Given two orthogonal vectors $A$, $B$, in $\mathbb R^3$ each of length 1. Let $P$ be a vector satisfying the equation $P\times B=A-P$. Prove each of the following statements.
(a) $P$ is orthogonal to $B$ and has length $\frac{1}{2}\sqrt{2}$.
(b) $P, B, P\times B$ form a basis.
(c) $(P\times B)\times B=-P$.
(d) $P=\frac{1}{2}A-\frac{1}{2}(A\times B)$.
I solved the first part of (a). $A \cdot B=(P+(P\times B))\cdot B=P\cdot B=0$. However, I don't know how to find the length of $P$. What I got so far is $||P\times B||=||P||||B||=||P||=||A-P||$.

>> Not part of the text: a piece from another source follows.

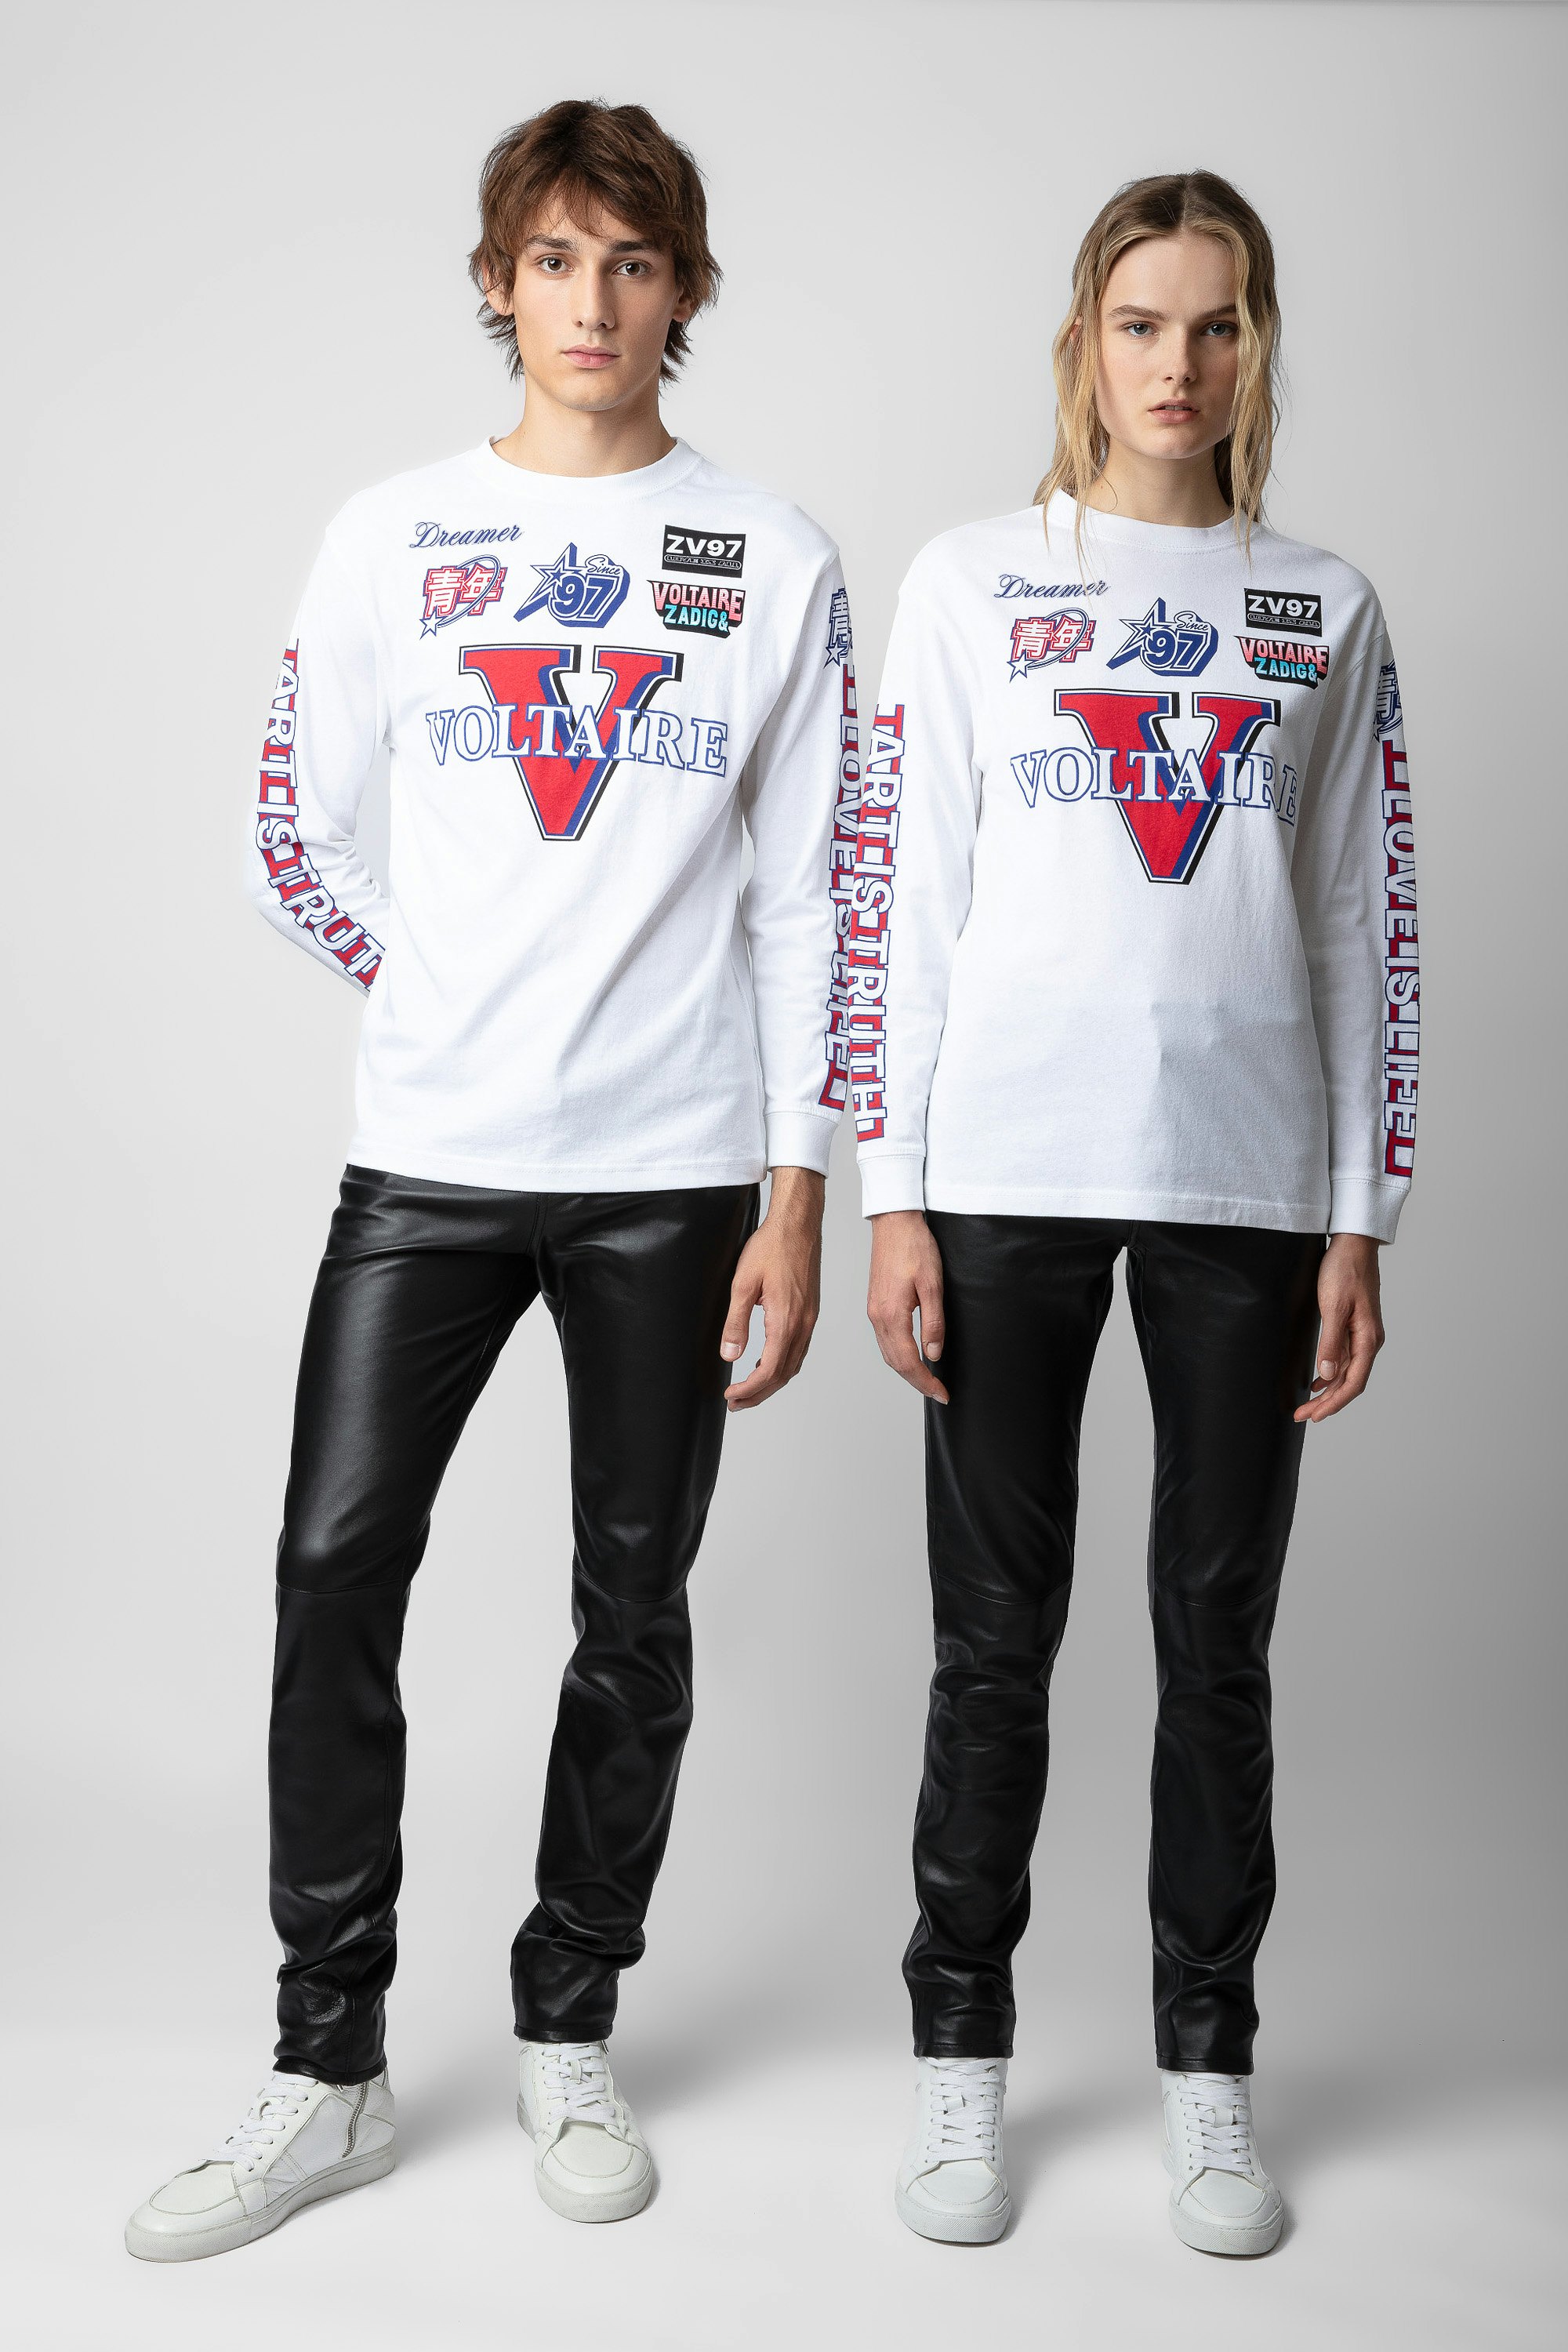 Camiseta Noane Voltaire - Camiseta blanca manga larga de algodón de inspiración motera unisex, con estampado de pines Voltaire y codos acolchados.

(b) is trivial since all three vectors are linearly independent. (c) and (d) I haven't been able to get so far.
I would appreciate any solutions or suggestions for the second part of (a) and (c), (d).
Okay !! It looks lengthy. Here are my inputs on this problem:
(a) You have already shown That $P.B = 0$. By the identity we have: $$\implies A\times(P\times B) = A\times(A - P)$$ $$\implies (A \cdot B)P - (A \cdot P) B = A\times A - A \times P$$ $$\implies (A \cdot P) B = A \times P $$ $$\implies || A \cdot P || ||B|| = || A \times P||$$ $$\implies ||A|| ||P|| \cos{\theta} = ||A|| ||P|| \sin{\theta}$$ $$\implies \theta = \frac{\pi}{4}.$$ where $\theta$ is angle between $A$ and $P$. Now again from the relation: $$ P = A - (P\times B) \implies P\cdot P = A\cdot P - (P\times B).A$$ $$\implies ||P||^2 = ||A||\, ||P|| \cos{\frac{\pi}{4}} \implies ||P|| = \frac{1}{\sqrt{2}} = \frac{1}{2}\sqrt{2}.$$ (c) It can be derived just by a vector identity (help): $$(P\times B)\times B = (P\cdot B)B - (B\cdot B)P = -P.$$ (d) $$(P\times B)\times B = -P \implies P = -(A - P)\times B$$ $$\implies P = - A \times B + P \times B = - A \times B + (A - P)$$ $$\implies 2 P = A - A \times B$$ $$ P = \frac{1}{2}A -\frac{1}{2}(A \times B).$$
It is rather long but I hope it will help.